_EXERCISE DETAILS:_
Everything in the listing below except the pictures should be reproduced exactly.

_DATA PROVIDED:_
*-*-*

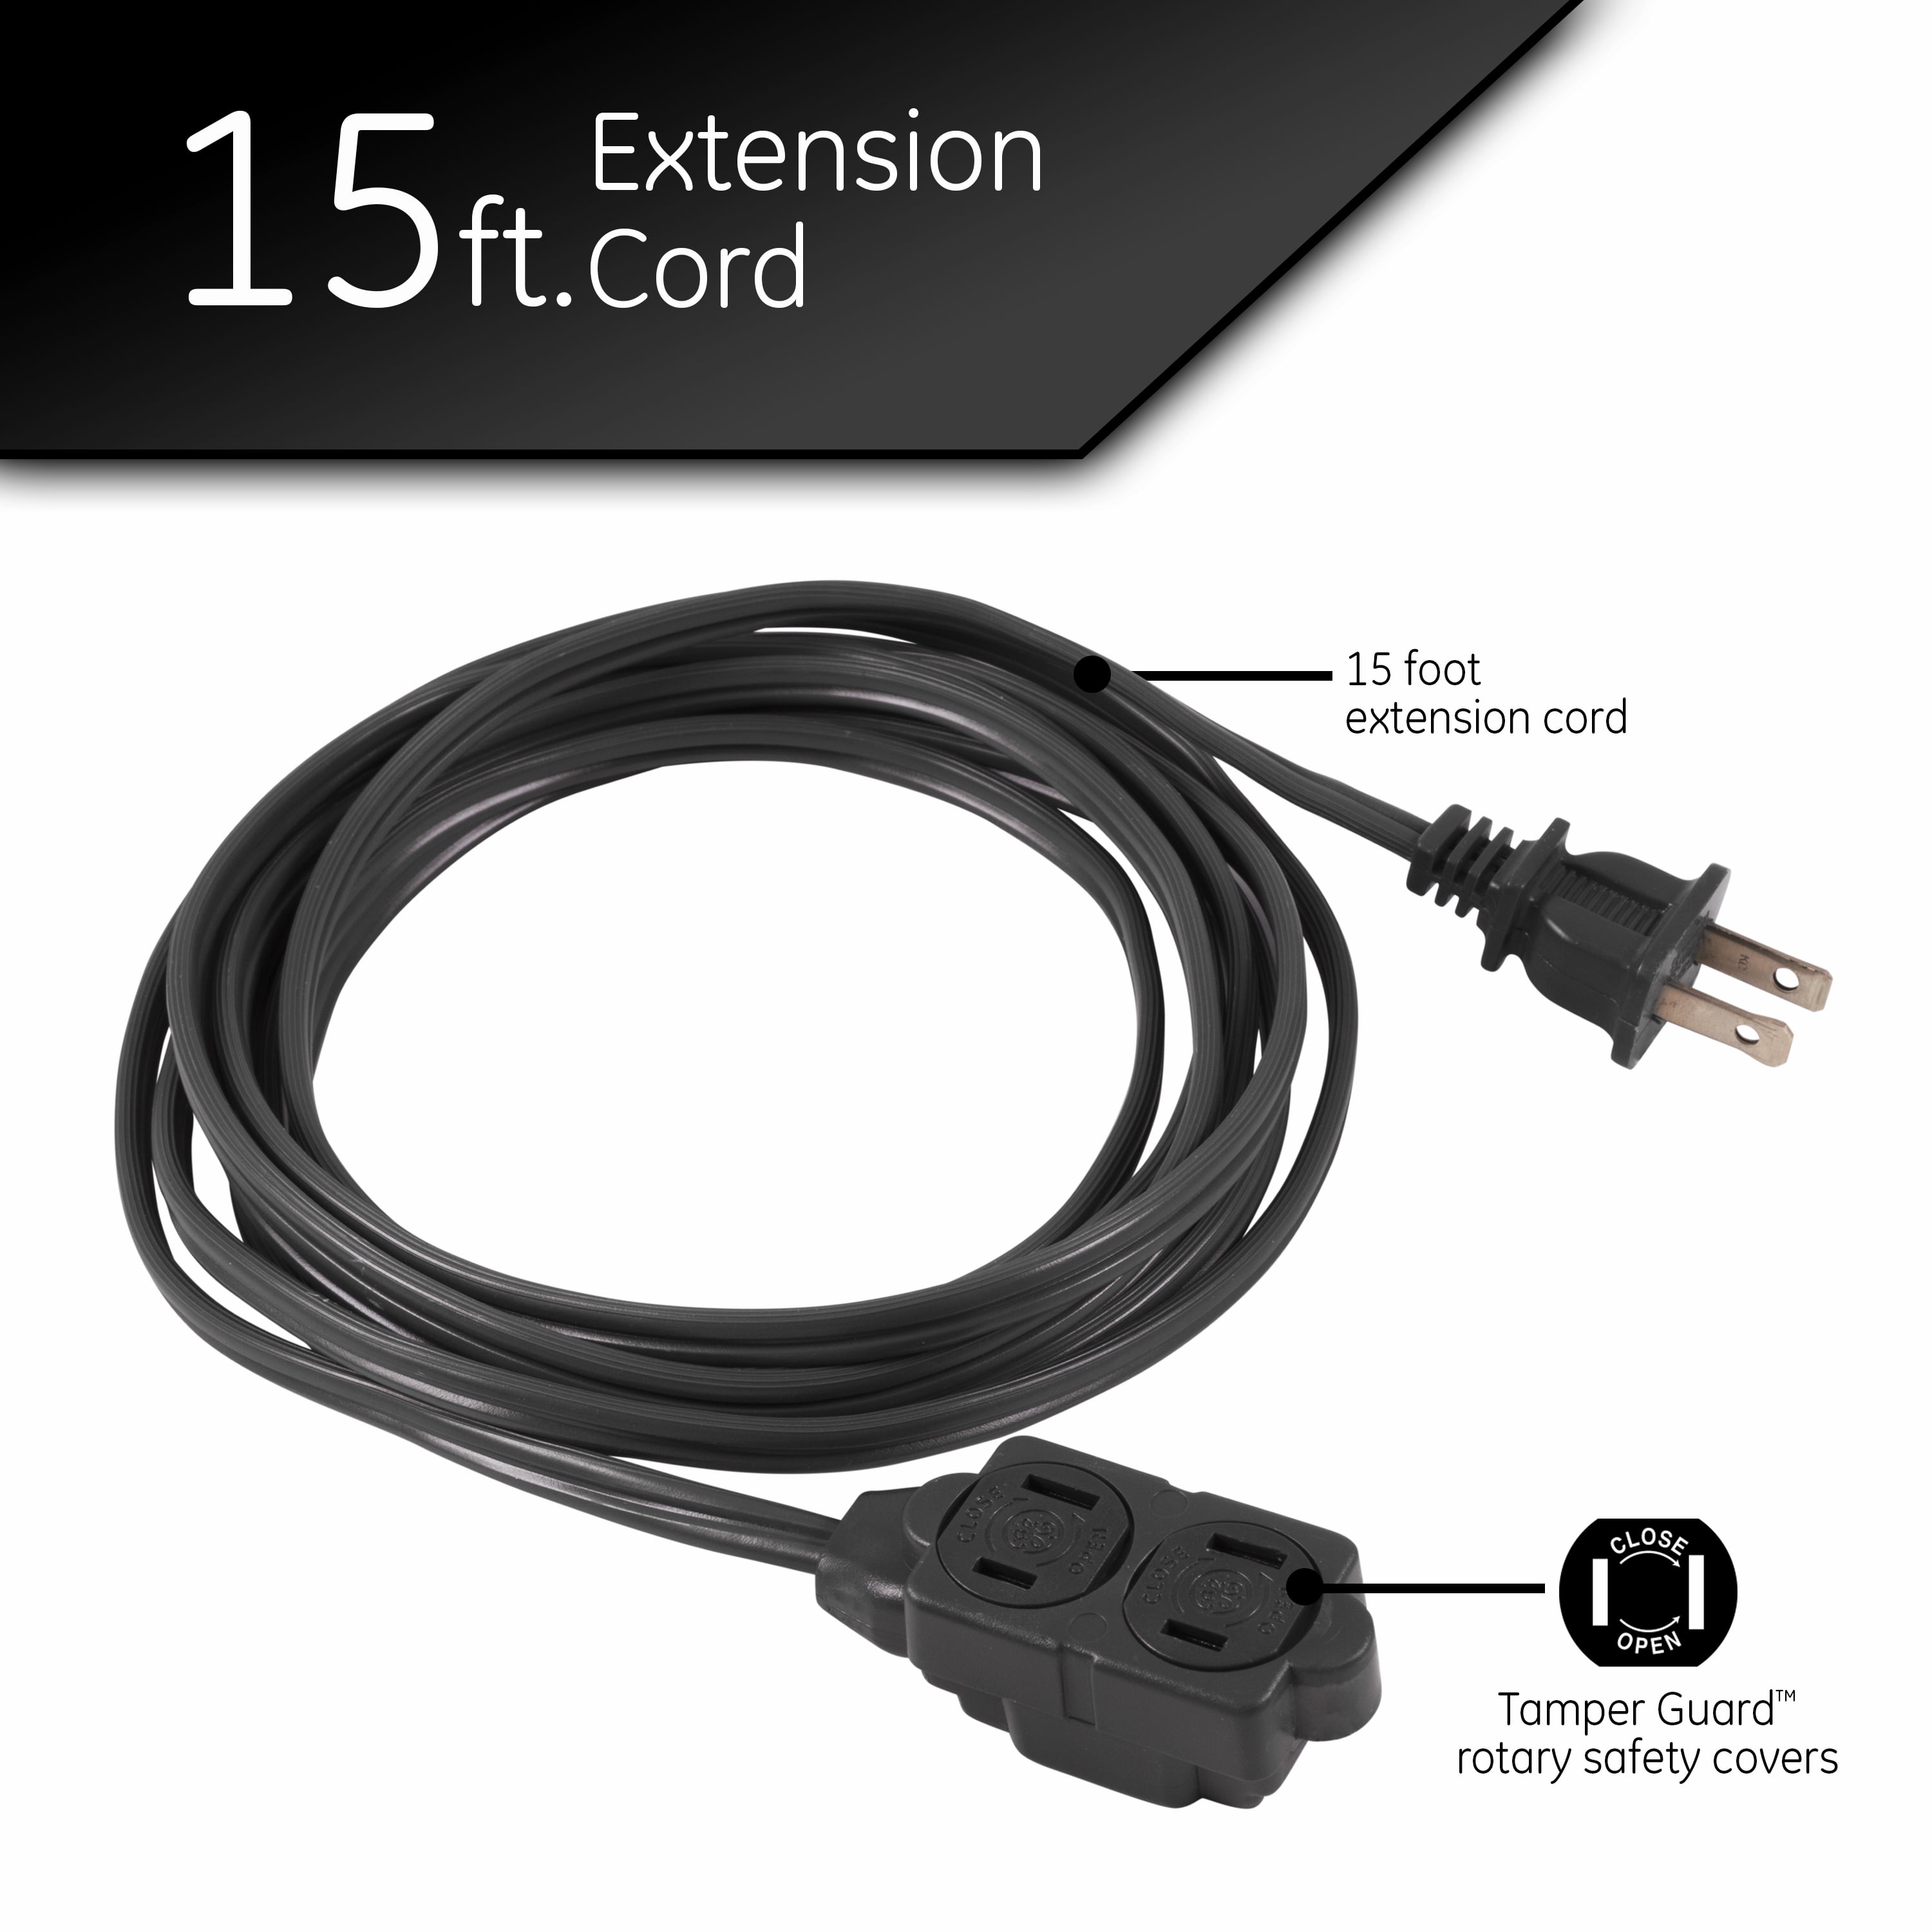 GE Extension Cord, Indoor, White, 9 Feet
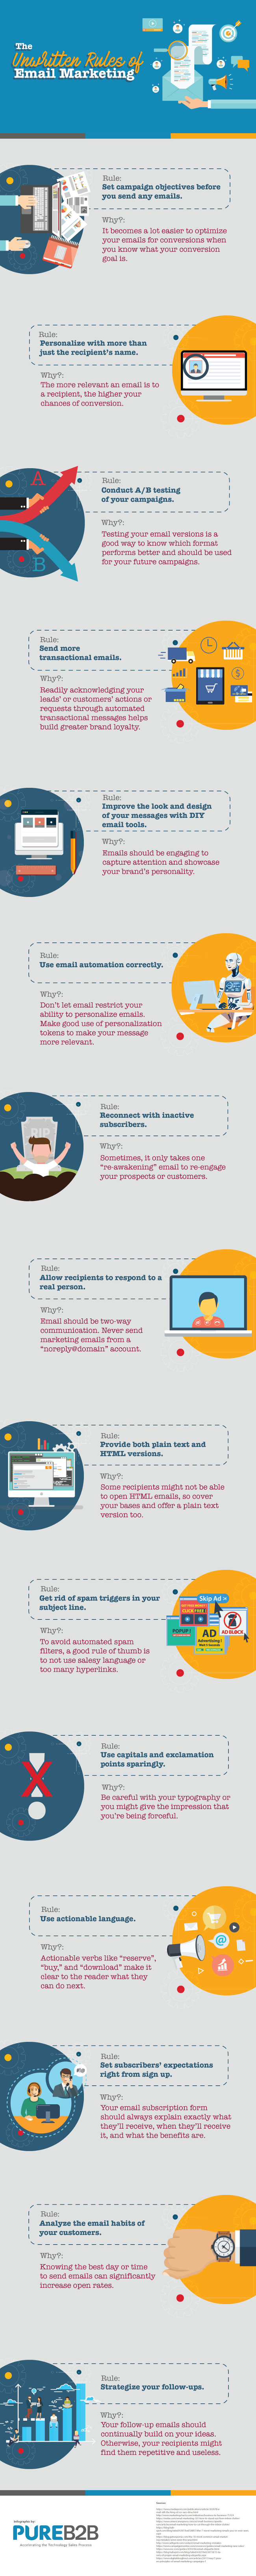 The Unwritten Rules of Email Marketing
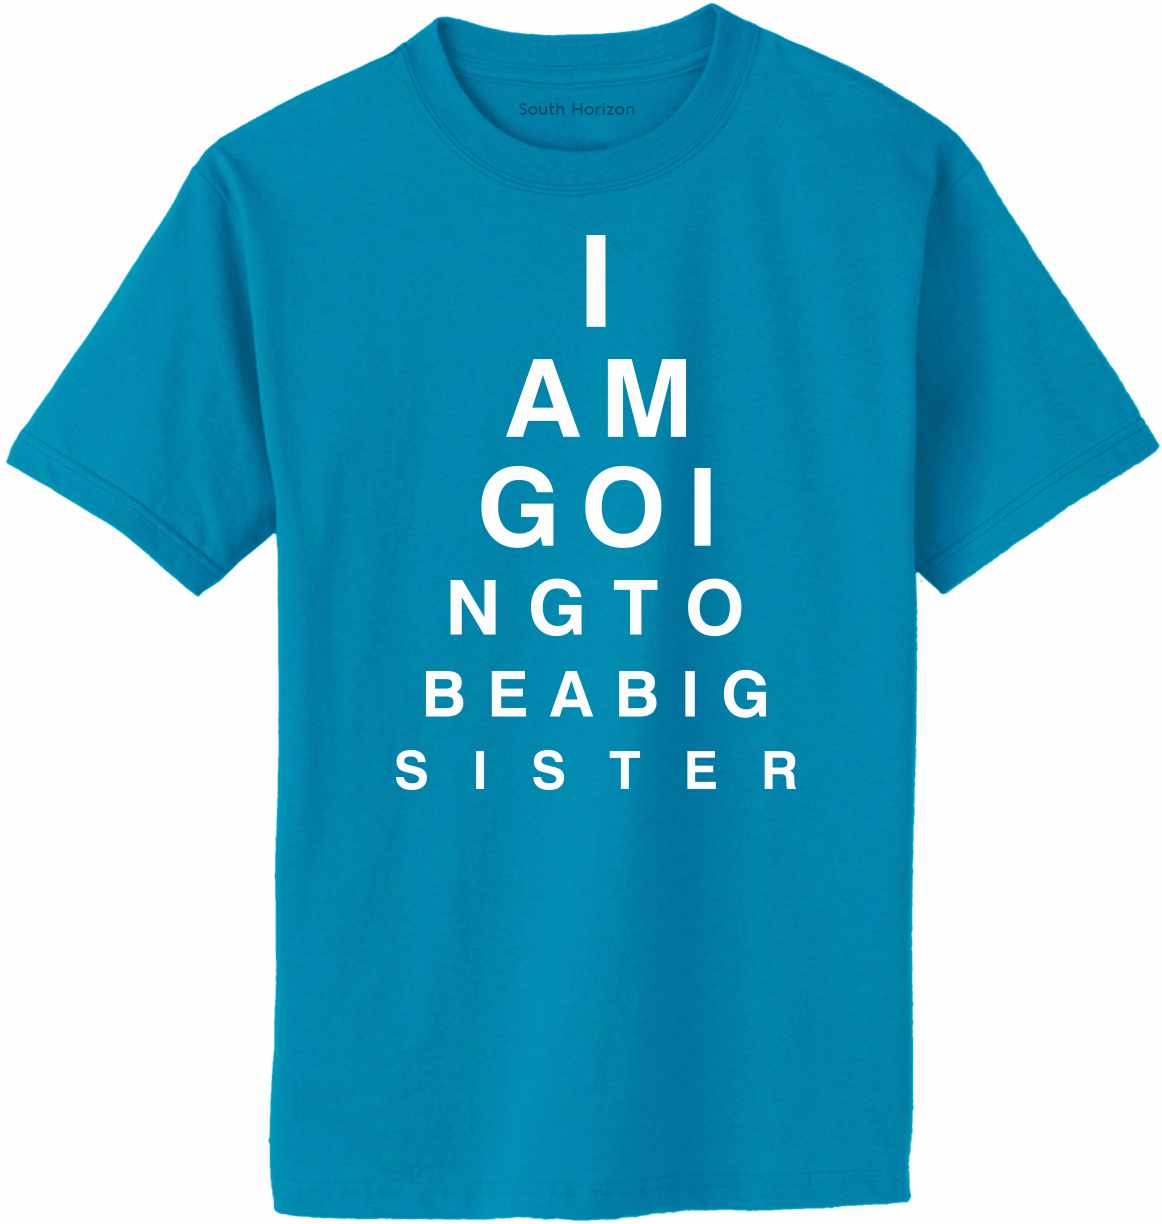 I AM GOING TO BE BIG SISTER EYE CHART Adult T-Shirt (#1099-1)
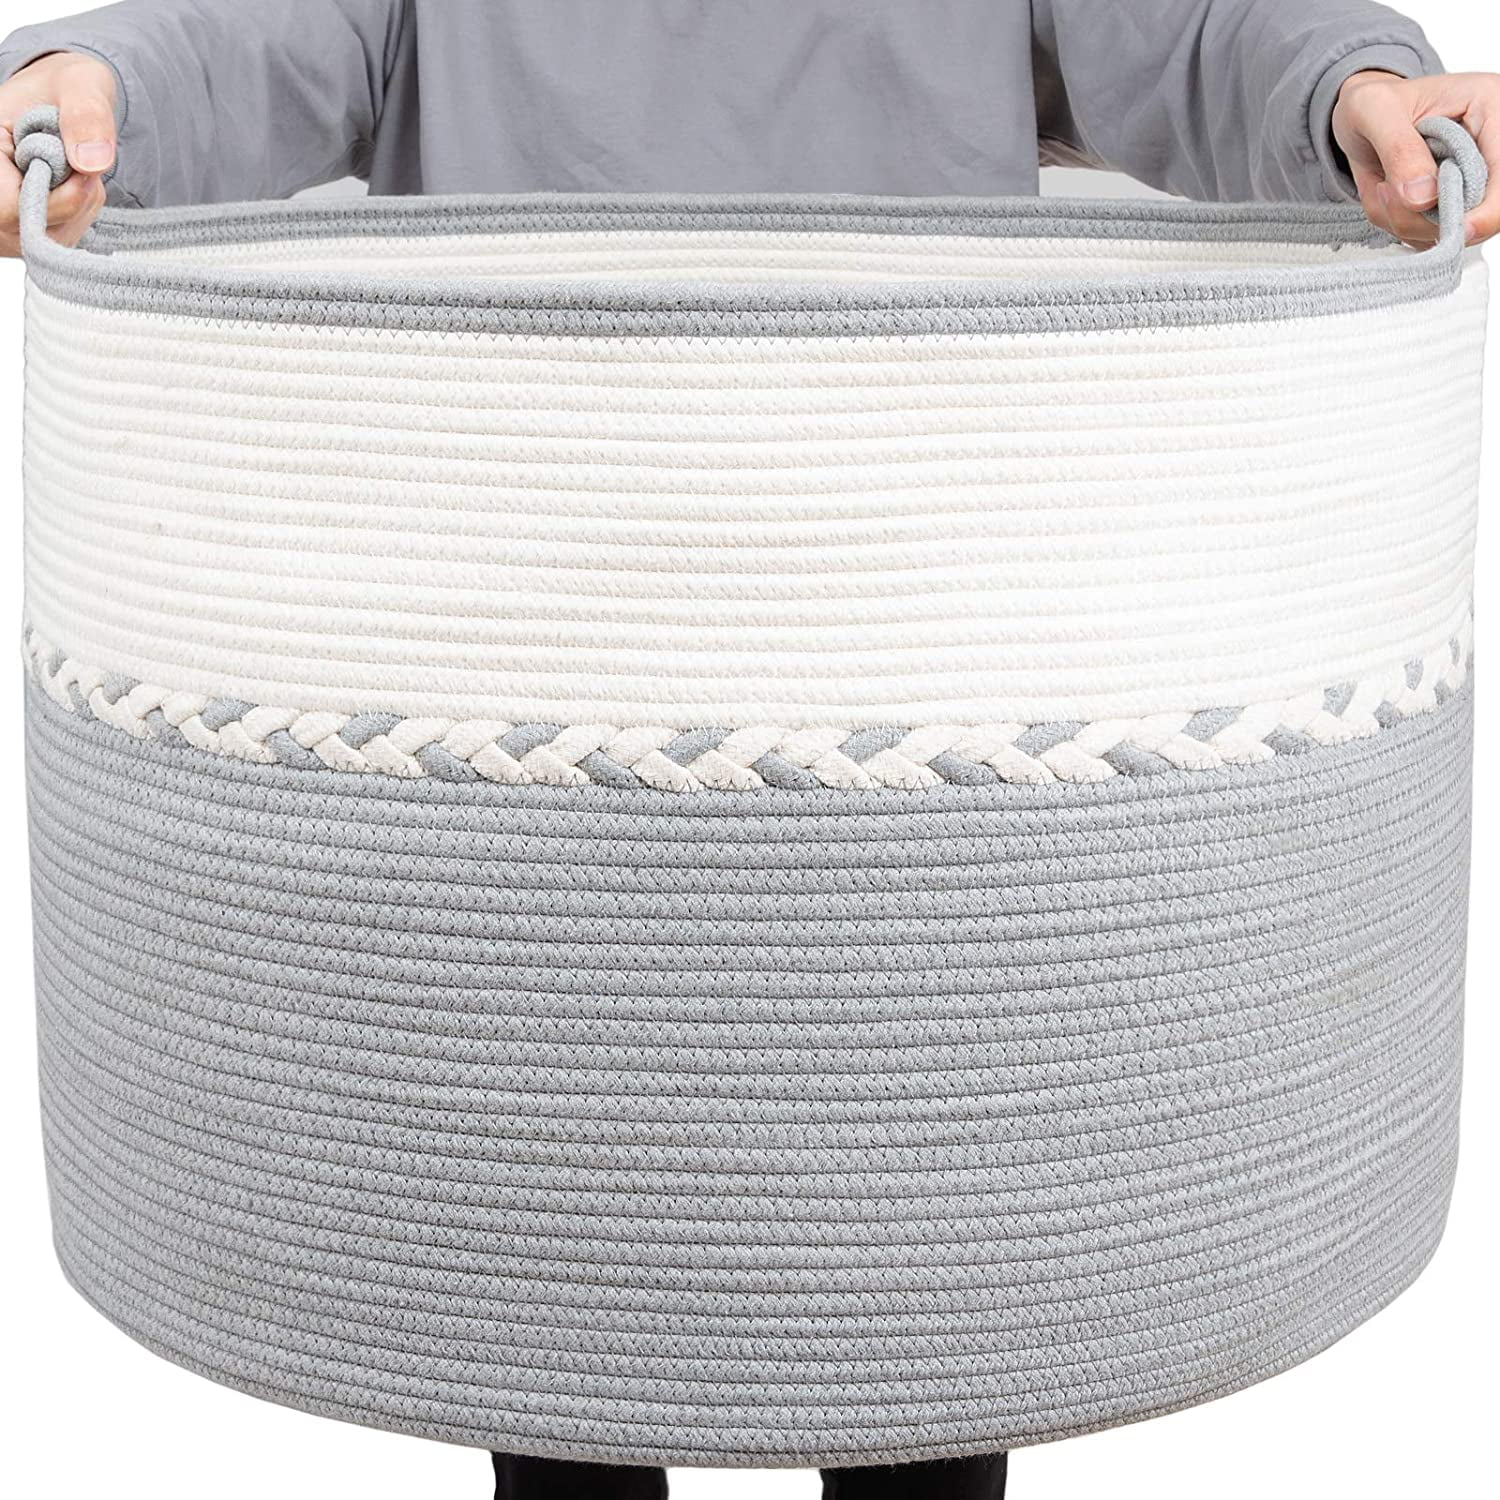 for Toys Blanket in Living Room Toy Storage Bin Baby Nursery White/Grey Cotton Rope Storage Baskets Woven Laundry Hamper with Cover 26 x 20 Tall Extra Large Storage Basket with Lid

*-*-*

_TASK OUTPUT:_
 GE Extension Cord, Indoor, White, 9 Feet
 The Unwritten Rules of Email Marketing
 I AM GOING TO BE BIG SISTER EYE CHART Adult T-Shirt (#1099-1)
 for Toys Blanket in Living Room Toy Storage Bin Baby Nursery White/Grey Cotton Rope Storage Baskets Woven Laundry Hamper with Cover 26 x 20 Tall Extra Large Storage Basket with Lid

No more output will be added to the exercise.